[英]R checking pairs of rows in a dataframe
I have a data frame holding information on options like this 我有一个数据框,其中包含有关此类选项的信息
> chData
myIdx strike_price date exdate cp_flag strike_price return
1 8355342 605000 1996-04-02 1996-05-18 P 605000 0.002340
2 8355433 605000 1996-04-02 1996-05-18 C 605000 0.002340
3 8356541 605000 1996-04-09 1996-05-18 P 605000 -0.003182
4 8356629 605000 1996-04-09 1996-05-18 C 605000 -0.003182
5 8358033 605000 1996-04-16 1996-05-18 P 605000 0.003907
6 8358119 605000 1996-04-16 1996-05-18 C 605000 0.003907
7 8359391 605000 1996-04-23 1996-05-18 P 605000 0.005695
where cp_flag means that a certain option is either a call or a put. 其中cp_flag表示某个选项是call或put。 What is a way to make sure that for each date, there is a both a call and a put, and drop the rows for which this does not exist?
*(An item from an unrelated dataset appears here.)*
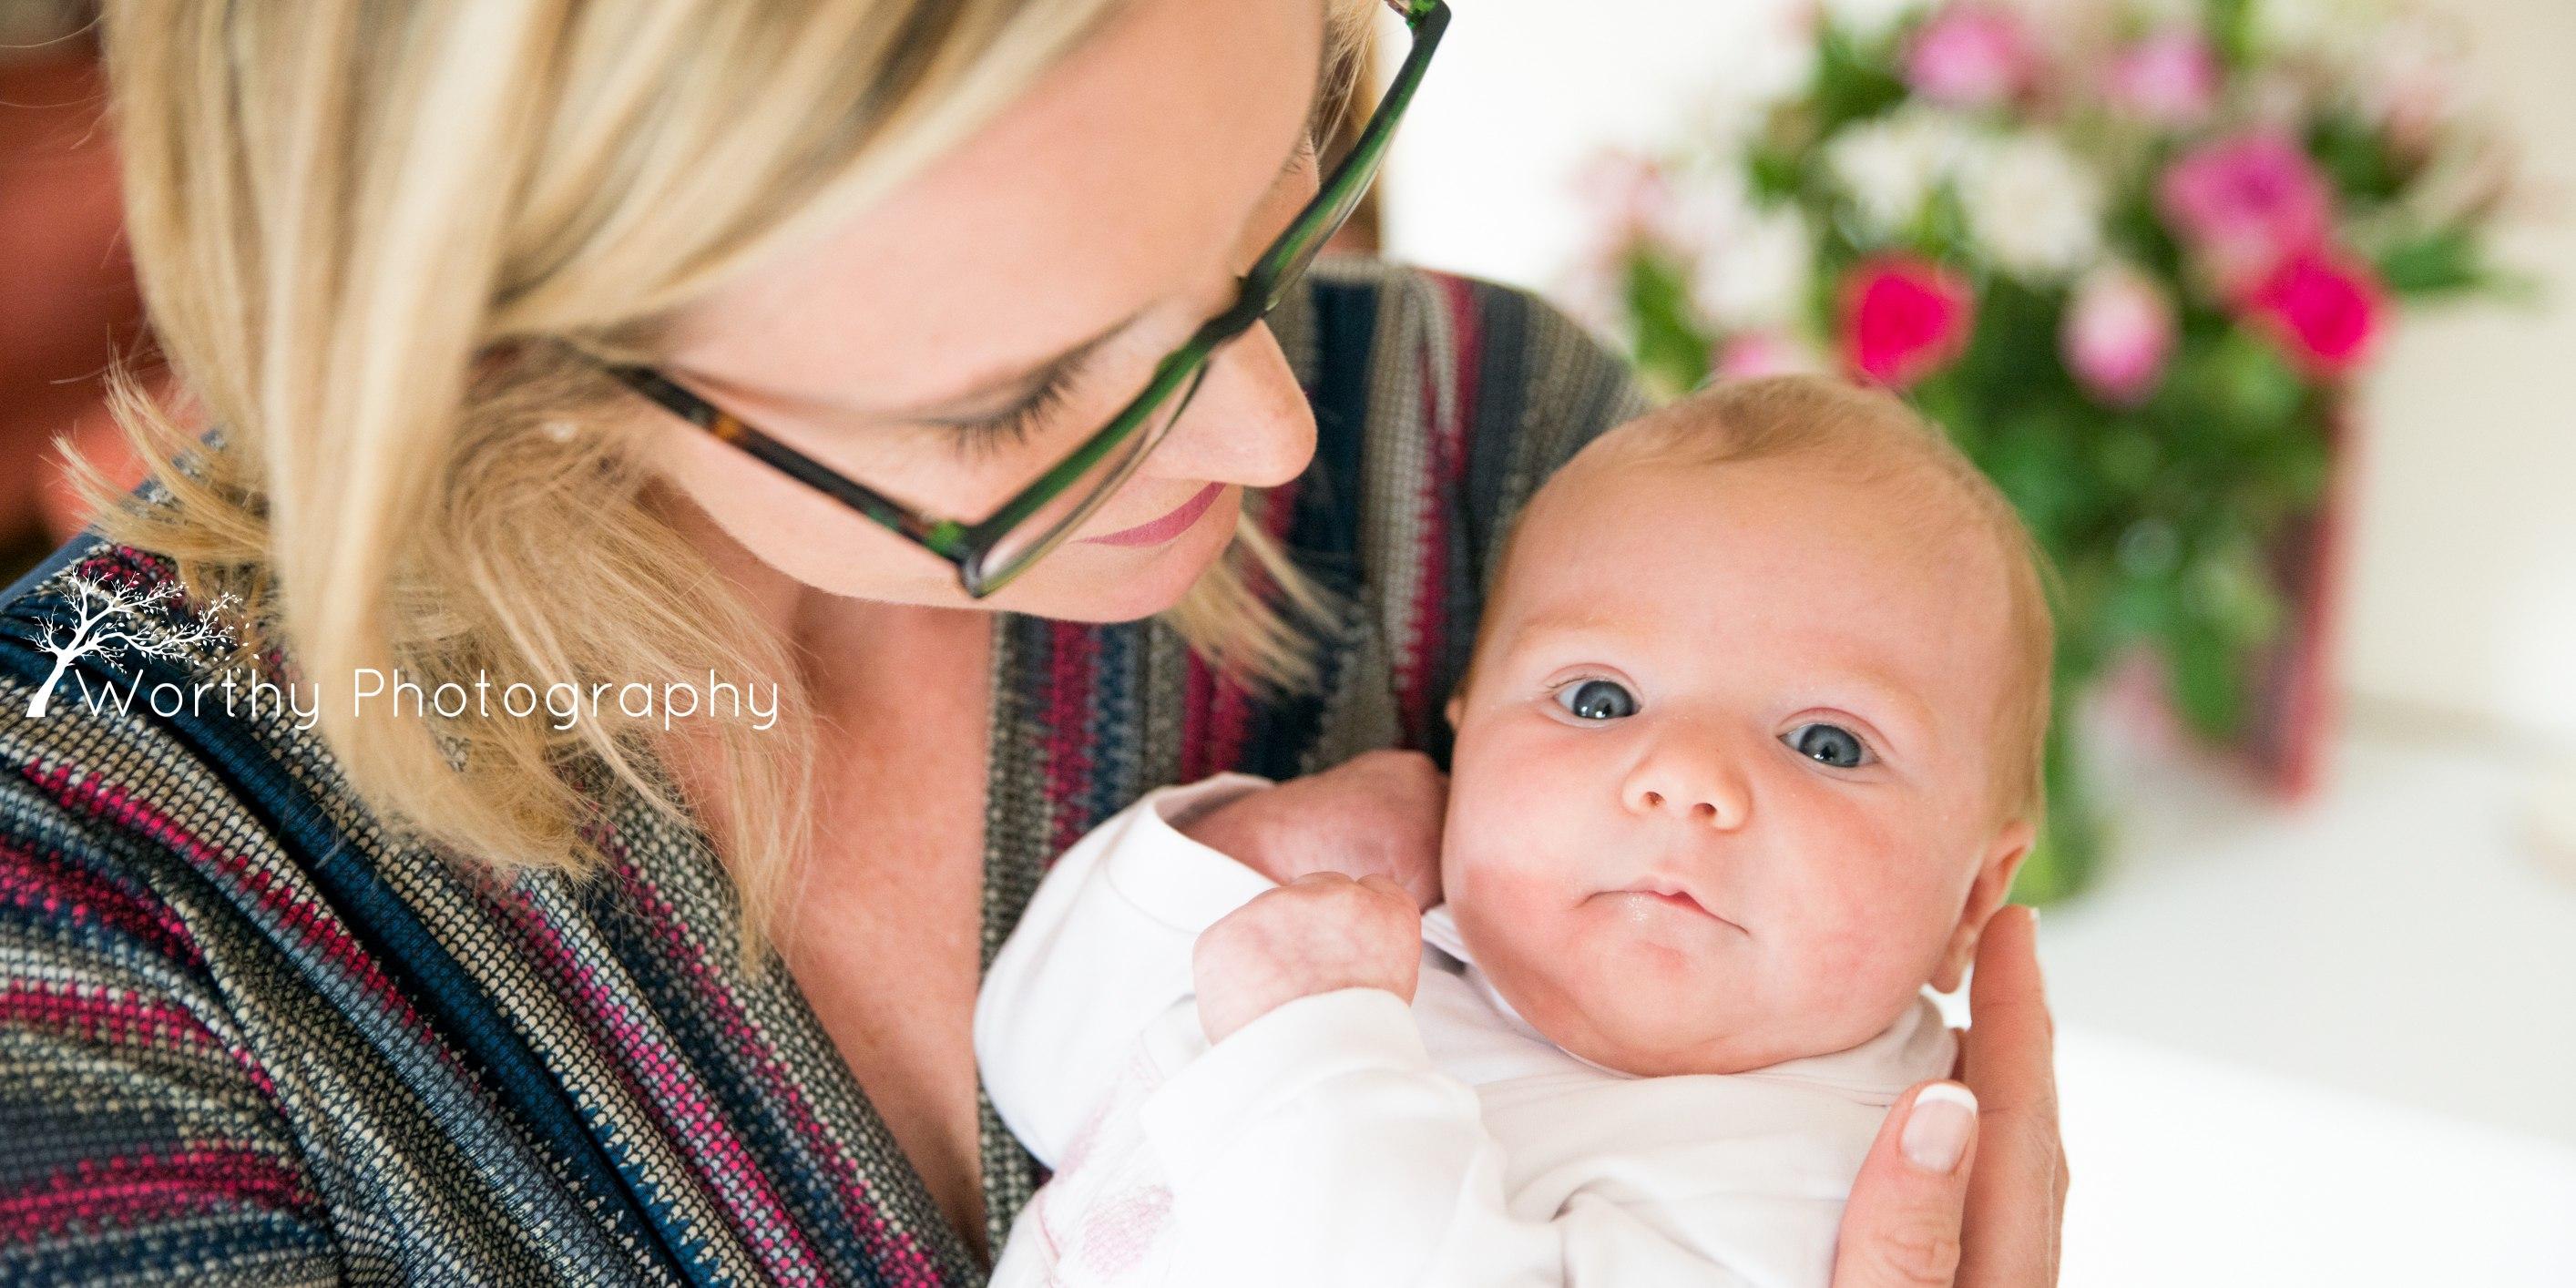 Newborn Photography - Worthy PHotography

有什么方法可以确保每个日期都有一个调用和一个put,并删除不存在的行? I can do it with a for loop, but is there a more clever way?
我可以用for循环来做,但是有更聪明的方法吗?
Get the dates that have P's and those that have C's, and use intersect to find the dates that have both. 获取具有P的日期和具有C的日期,并使用相交来查找具有两者的日期。
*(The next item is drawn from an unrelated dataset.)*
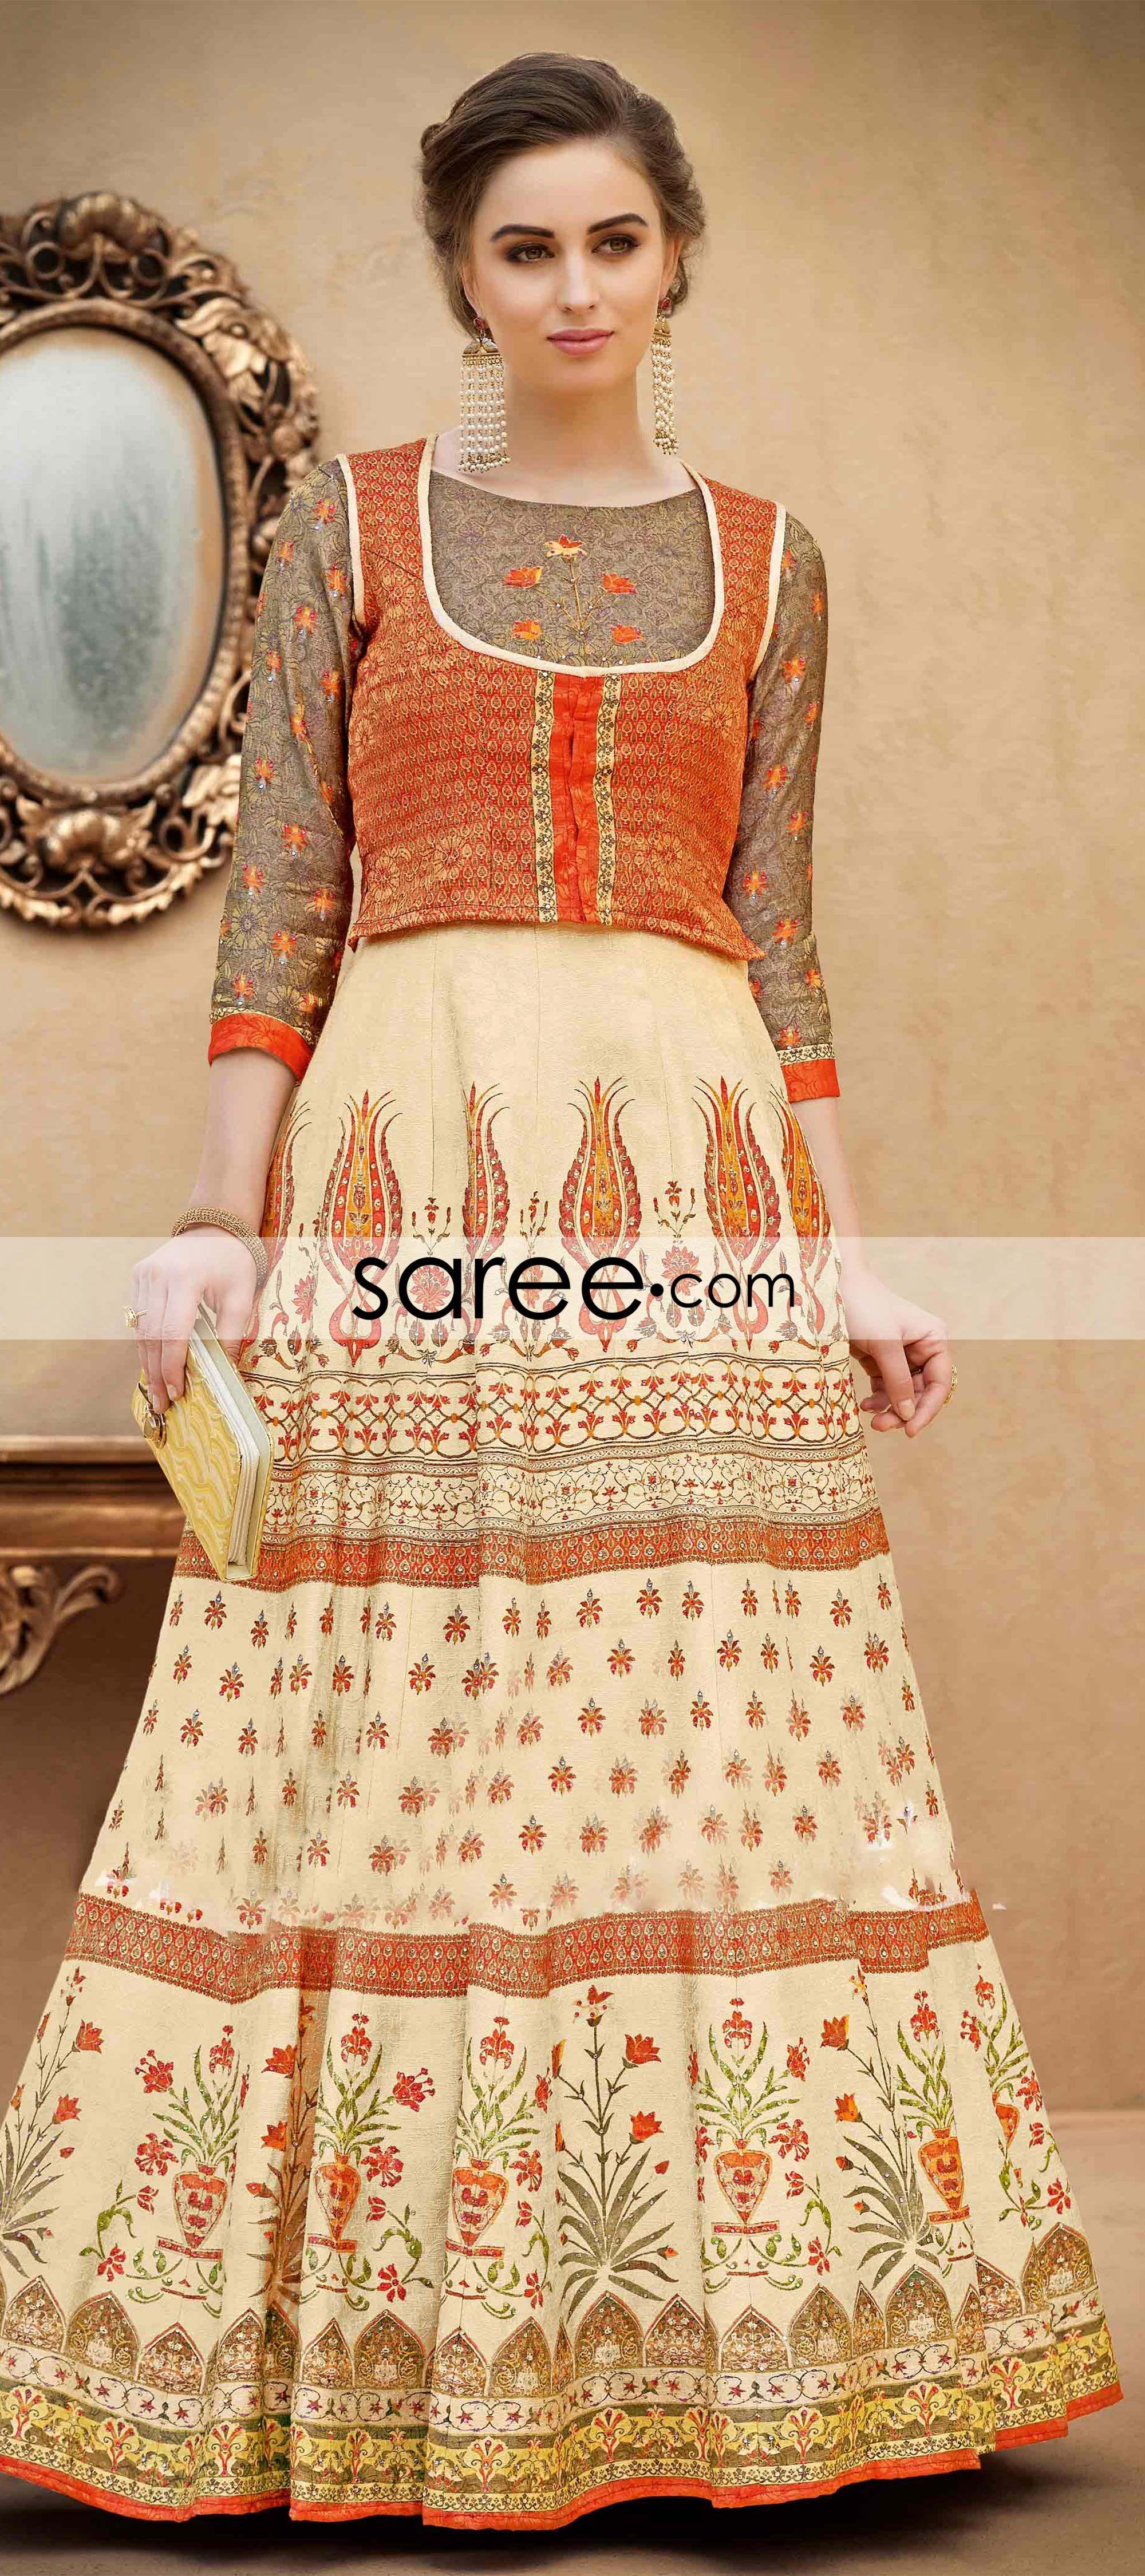 6c3d5287729ac Brown and Cream Banarasi Art Silk Gown With Digital Print

keep_dates <- with(x, intersect(date[cp_flag=='P'], date[cp_flag=='C']) )
# "1996-04-02" "1996-04-09" "1996-04-16"
Keep only the rows that have dates appearing in keep_dates. 仅保留keep_dates中出现日期的行。
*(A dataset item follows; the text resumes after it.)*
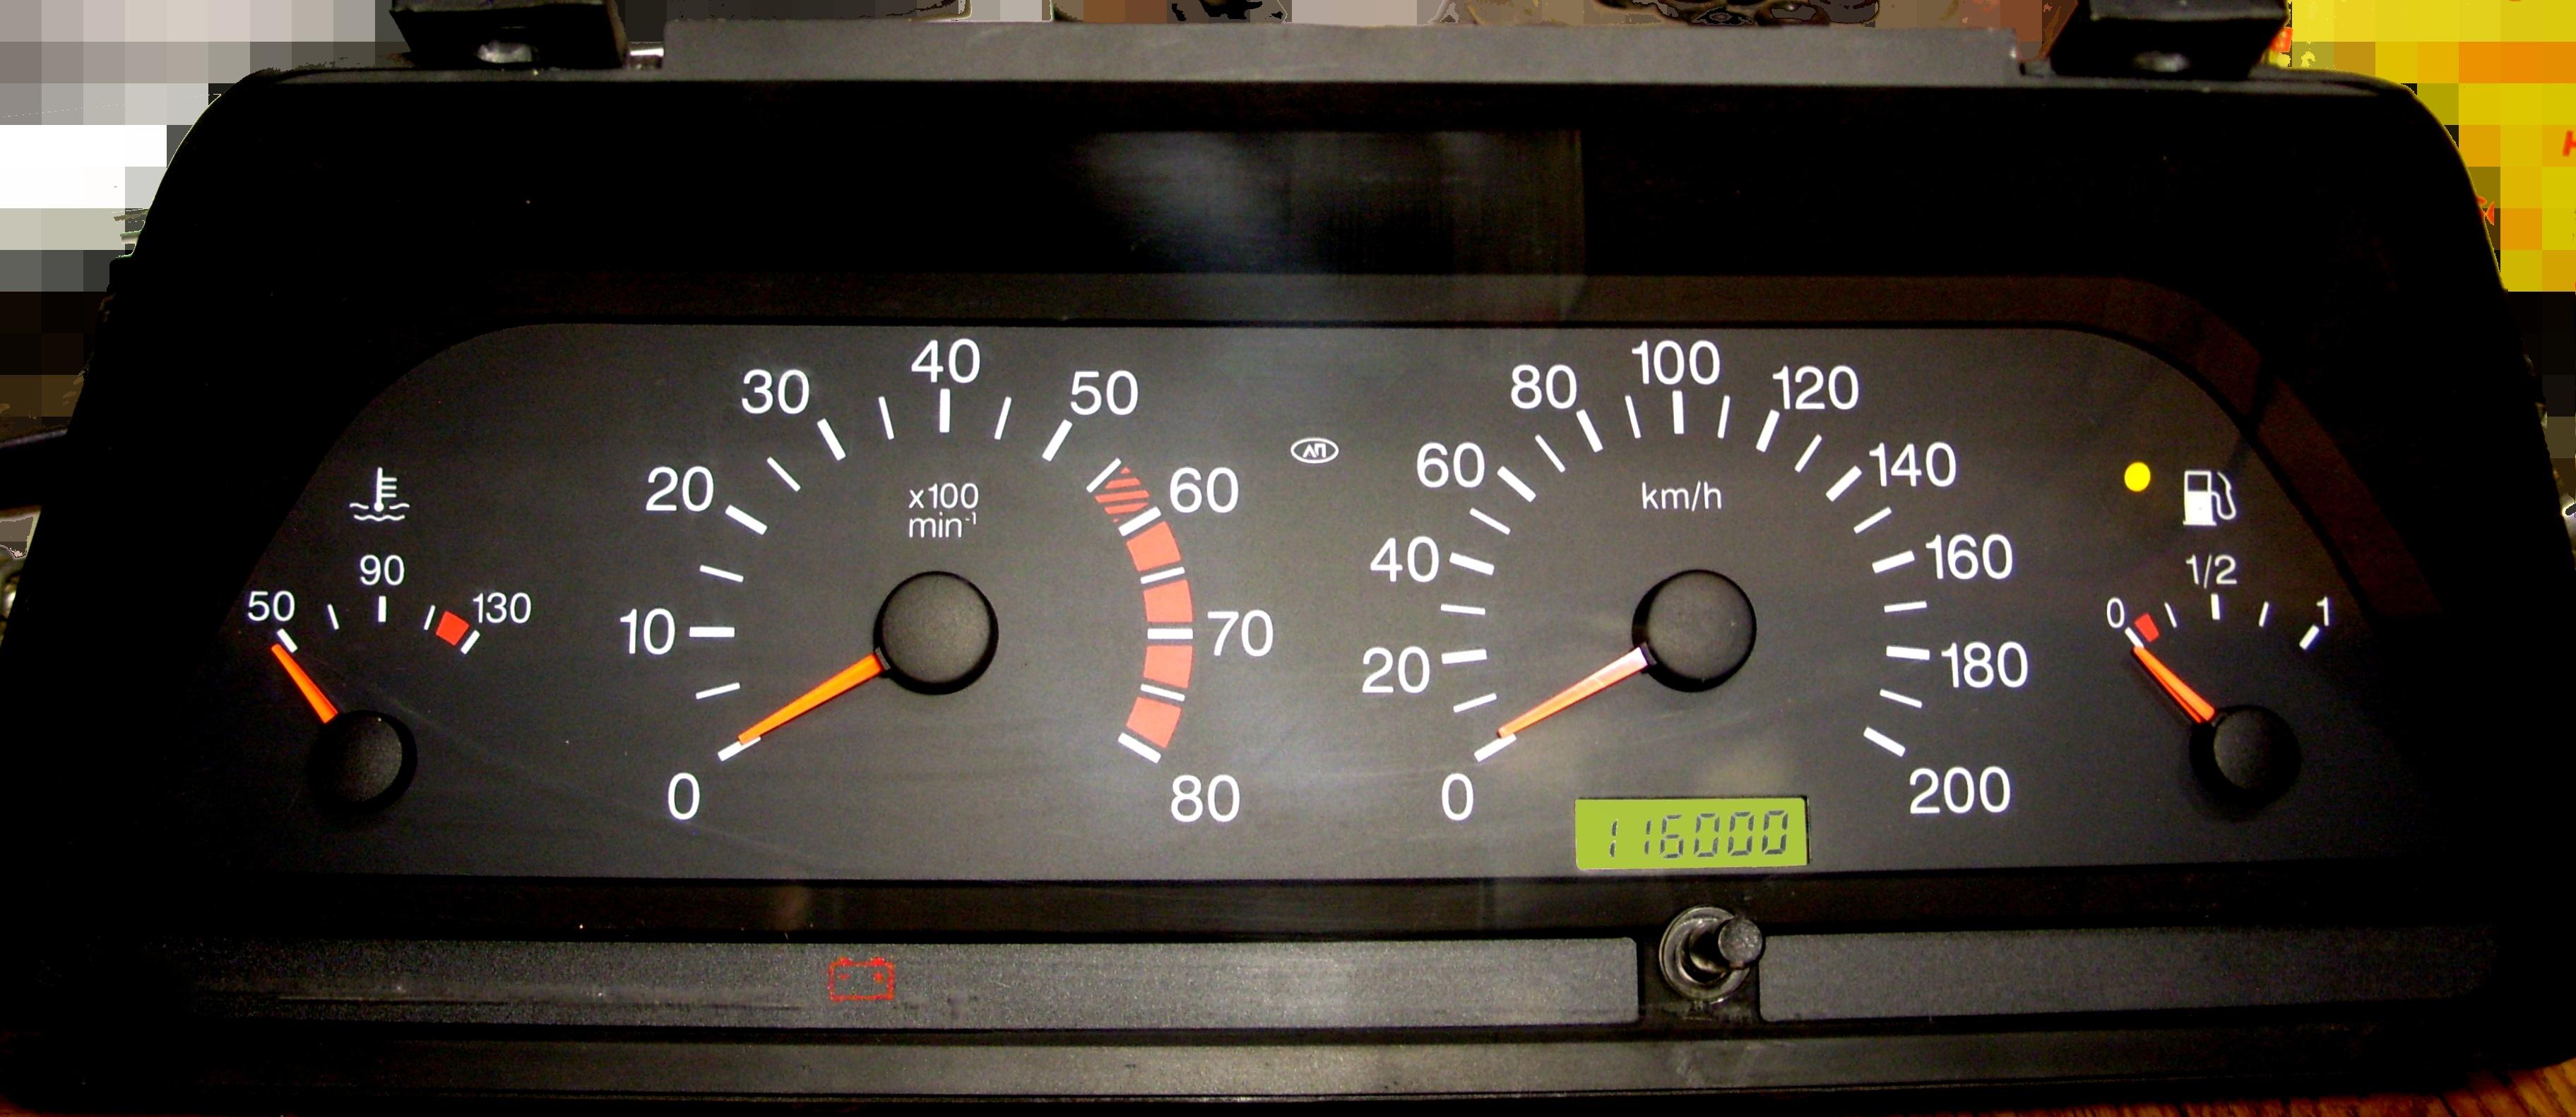 Фото №21 - ремонт спидометра ВАЗ 2110 своими руками

x[ x$date %in% keep_dates, ]
# myIdx strike_price date exdate cp_flag strike_price.1
# 8355342 605000 1996-04-02 1996-05-18 P 605000
# 8355433 605000 1996-04-02 1996-05-18 C 605000
# 8356541 605000 1996-04-09 1996-05-18 P 605000
# 8356629 605000 1996-04-09 1996-05-18 C 605000
# 8358033 605000 1996-04-16 1996-05-18 P 605000
# 8358119 605000 1996-04-16 1996-05-18 C 605000
Using the plyr
package: 使用
plyr
包:
> ddply(chData, "date", function(x) if(all(c("P","C") %in% x$cp_flag)) x)
myIdx strike_price date exdate cp_flag strike_price.1 return
1 8355342 605000 1996-04-02 1996-05-18 P 605000 0.002340
2 8355433 605000 1996-04-02 1996-05-18 C 605000 0.002340
3 8356541 605000 1996-04-09 1996-05-18 P 605000 -0.003182
4 8356629 605000 1996-04-09 1996-05-18 C 605000 -0.003182
5 8358033 605000 1996-04-16 1996-05-18 P 605000 0.003907
6 8358119 605000 1996-04-16 1996-05-18 C 605000 0.003907
Here's a reshape
approach. 这是一种
reshape
方法。
library(reshape)
#Add a dummy value
df$value <- 1
check <- cast(df, myIdx + strike_price + date + exdate + strike_price + return ~ cp_flag)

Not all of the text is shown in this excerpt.